Studio album by Connie Francis
- Released: May 1963
- Recorded: April 26–28, 1962 March 15, 1963 March 22, 1963 April 4, 1963
- Genre: Pop
- Labels: MGM E-4048 (mono)/SE-4048 (stereo)
- Producers: Norman Newell, Danny Davis

Connie Francis chronology
| Connie Francis sings Modern Italian Hits (1963) | Connie Francis sings Award Winning Motion Picture Hits (1963) | "Mala Femmena" and Connie's Big Hits from Italy (1963) |

= Connie Francis Sings Award Winning Motion Picture Hits =

Connie Francis sings Award Winning Motion Picture Hits is a studio album recorded by American pop singer Connie Francis.

Professional ratings
Review scores
| Source | Rating |
| New Record Mirror | (US-edition) |

==Background==
In April 1962, Connie Francis was working mostly in Europe, recording several German language songs at Austrophon Studio, located in the basement of the Konzerthaus in Vienna. Between April 26 and 28, Francis spent three days in Rome, recording a set of thirteen songs intended for an album of Academy Award-winning songs:

- "All the Way" from The Joker Is Wild (1957)
- "Buttons and Bows" from The Paleface (1948)
- "High Hopes" from A Hole in the Head (1959)
- "Lullaby of Broadway" from Gold Diggers of 1935 (1935)
- "Moon River" from Breakfast at Tiffany's (1961)
- "Over the Rainbow" from The Wizard of Oz (1939)
- "The Last Time I Saw Paris" from Lady Be Good (1941)
- "The Way You Look Tonight" from Swing Time (1936)
- "Secret Love" from Calamity Jane (1953)
- "Whatever Will Be, Will Be (Qué Será, Será)" from The Man Who Knew Too Much (1956)
- "When You Wish upon a Star" from Pinocchio (1940)
- "You'll Never Know" from Hello, Frisco, Hello (1943)
- "Zip-a-Dee-Dooh-Dah" from Song of the South (1946)

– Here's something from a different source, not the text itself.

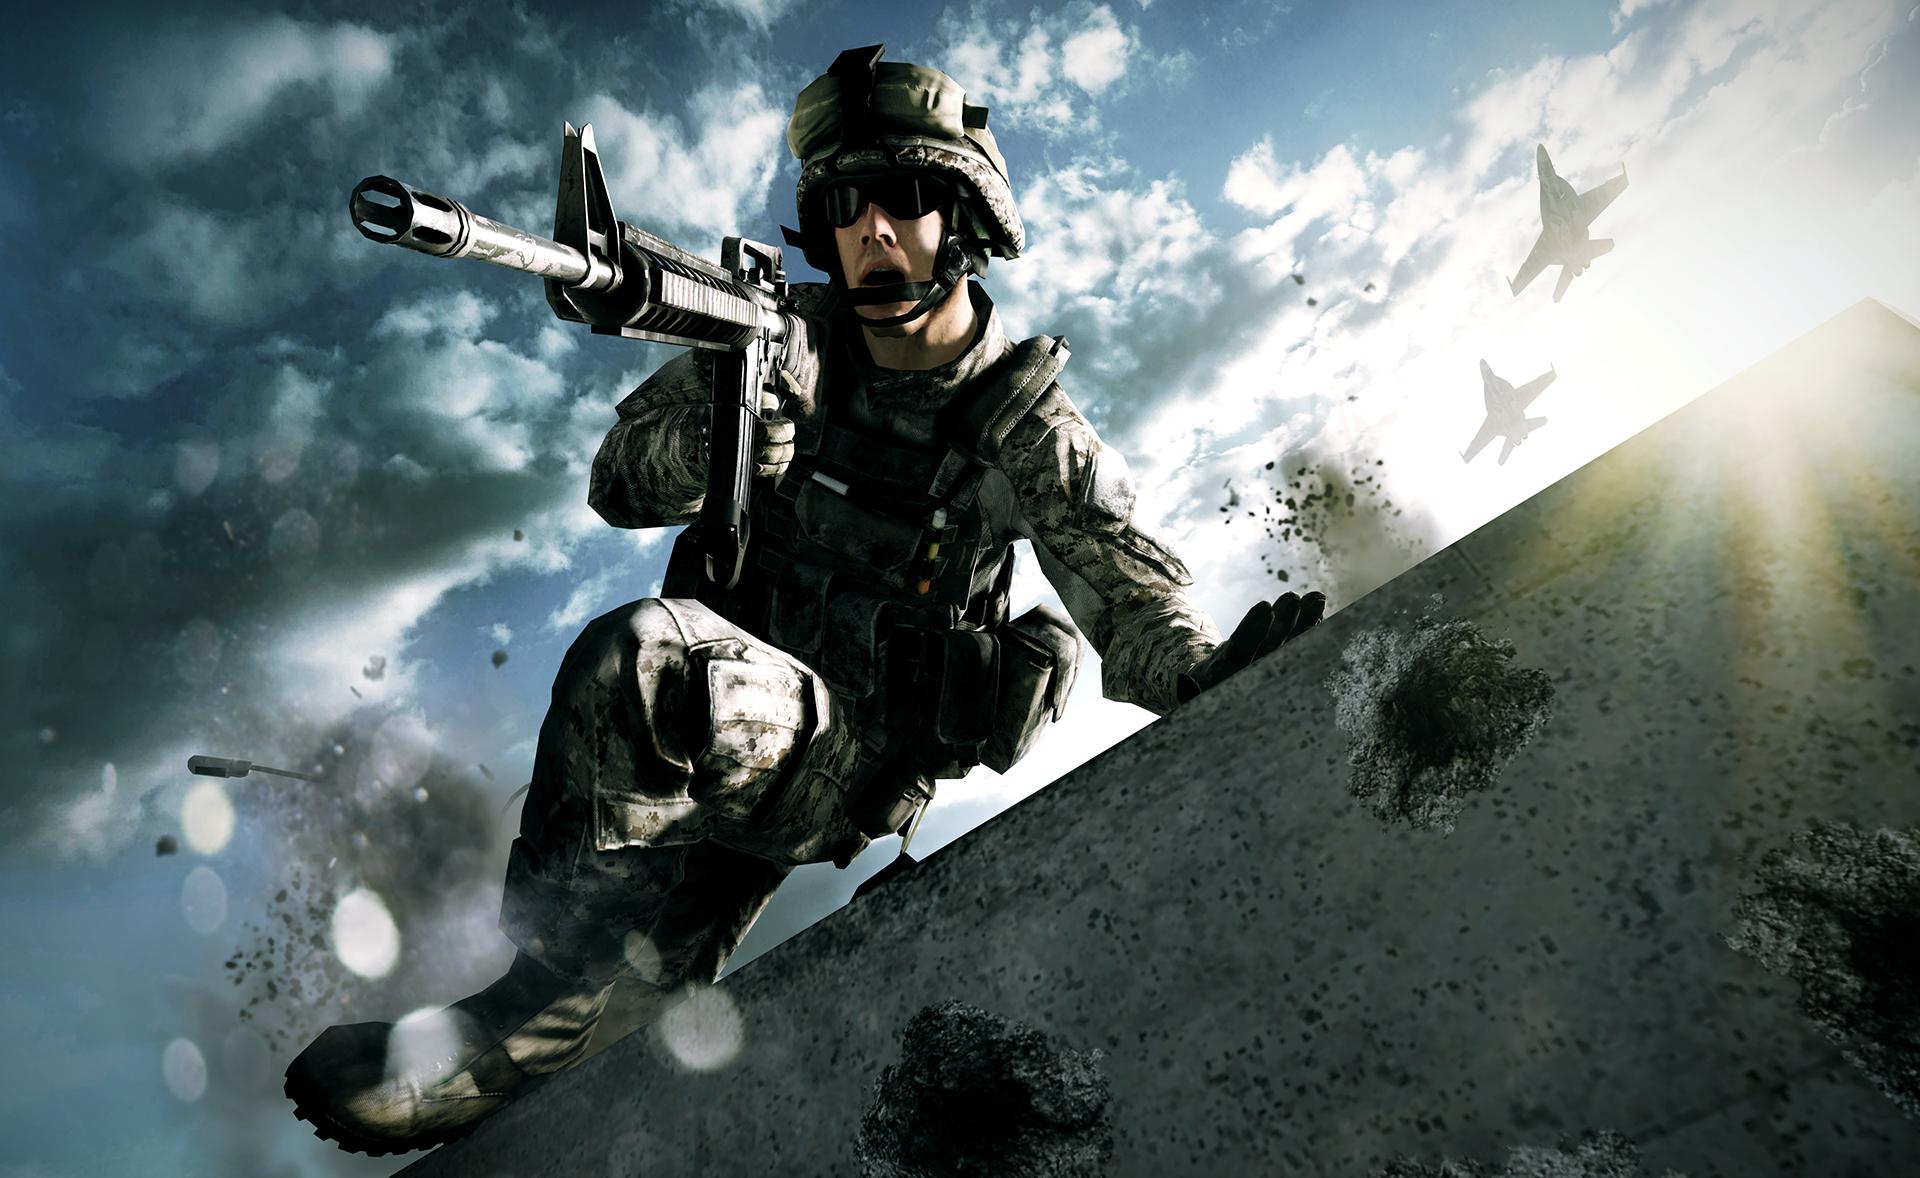 Cool military backgrounds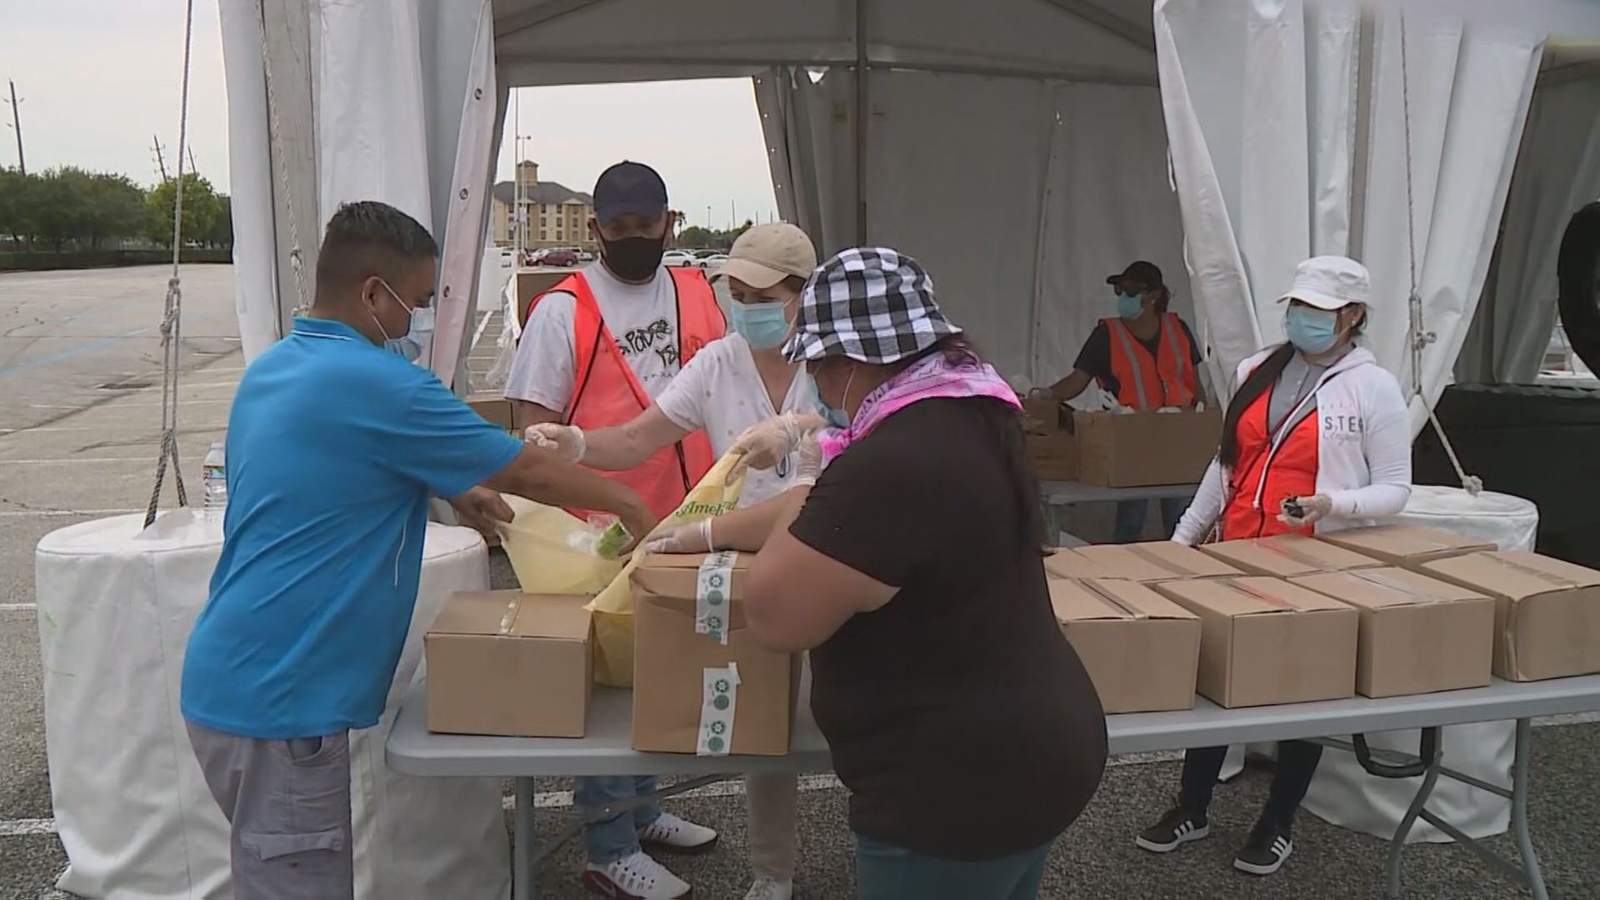 Mass food distribution event rescheduled, testing sites closed Saturday due to severe weather

The playbacks to these songs had been pre-recorded at EMI's famous Abbey Road Studios in London under the supervision of Francis' British producer Norman Newell and were conducted by Geoff Love. The tapes of these playbacks had been shipped to Rome, where Francis overdubbed her vocals at RCA Italiana Studios. Francis was unsatisfied with the results and it was decided to postpone the album's release which had originally been planned for early summer of 1962.

== Rerecording ==
The album remained in the vaults until March 1963. When Francis decided to record the winning song from the 1963 Academy Award ceremony, "Days of Wine and Roses," plans were made to include this recording to the set of songs from the 1962 sessions. Yet, Francis still was not satisfied with the whole album and asked orchestra leader Don Costa - who had arranged and conducted her # 1 hit "Don't Break the Heart That Loves You" in November 1961 and was also in charge of Francis' recording of "Days of Wine and Roses" - to create and record new playbacks for the 1962 recordings while keeping Francis' original vocals.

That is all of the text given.